La mia fede è un carico enorme appeso a un filo sottile, proprio come un ragno appende i suoi piccoli a una tela fine, proprio come dalla vite, esile e rigida, pendono grappoli come occhi, come molti angeli danzano su una capocchia di spillo.
Dio non chiede troppo filo per restare qui; solo una venuzza e sangue che vi scorra e un po' d'amore. Come qualcuno ha detto: l'amore e la tosse non si possono nascondere. Neppure un colpetto di tosse neppure un amore minimo. Perciò se hai solo un filo sottile a Dio non importa: Lui te lo troverai tra le mani facilmente proprio come una volta con dieci centesimi ti potevi prendere una Coca.

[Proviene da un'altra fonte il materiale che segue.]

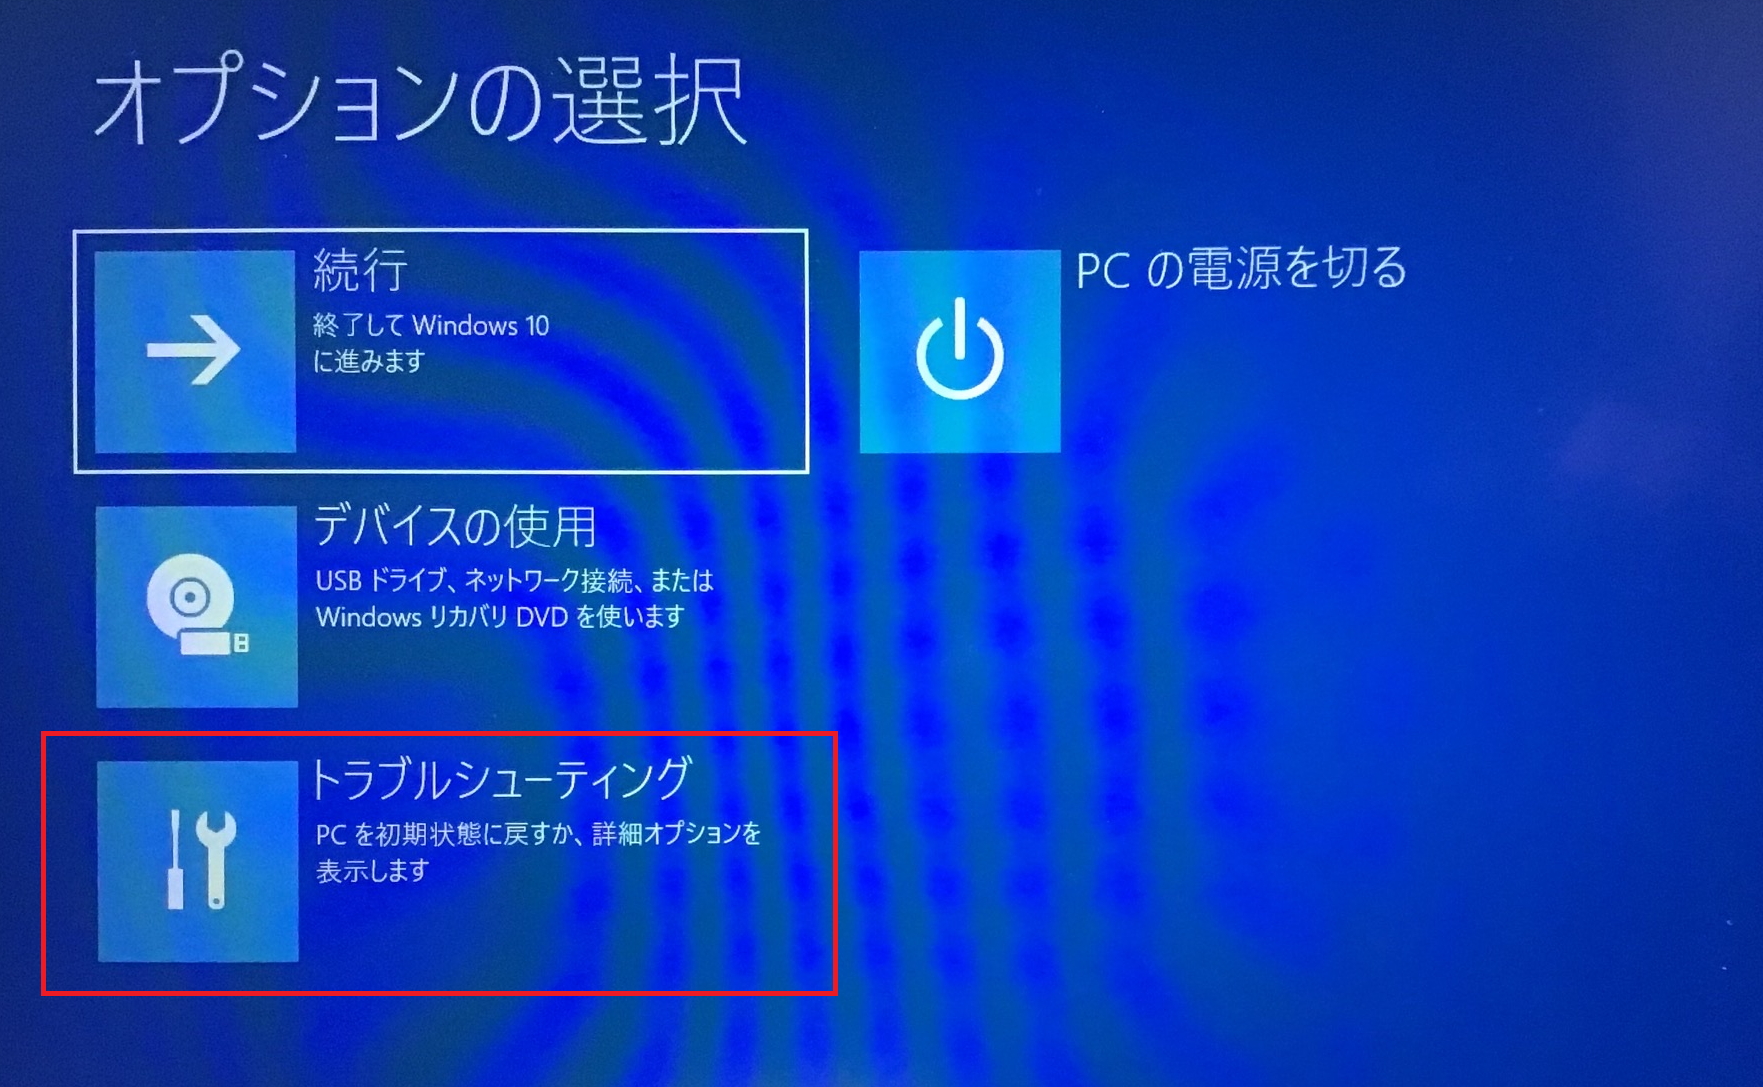 Windows:「オプションの選択」画面が表示し「トラブルシューティング」を選択

A novembre compio trent'anni. Sei ancora piccola, hai solo tre anni. Guardiamo le foglie gialle, sono stremate, turbinano nella pioggia d'inverno, cadono e s'acquattano. Ed io ricordo i tre autunni che non hai passato qui. Hanno detto che mai ti avrei riavuto. Ti dico quel che mai saprai davvero: le congetture mediche che spiegano il cervello non saranno mai reali quanto queste foglie abbattute.
Io, che ho tentato due volte d'ammazzarmi, ti avevo dato un nomignolo appena arrivata, nei mesi del piagnucolare; poi una febbre t'è rantolata in gola ed io mi muovevo come una pantomima attorno al tuo capino. Angeli brutti mi hanno parlato. La colpa, dicevano, era mia. Facevano gli spioni come streghe verdi versando nella testa la rovina come un rubinetto rotto; come se la rovina avesse allagato la pancia e sommerso la culla, un vecchio debito che dovevo accollarmi.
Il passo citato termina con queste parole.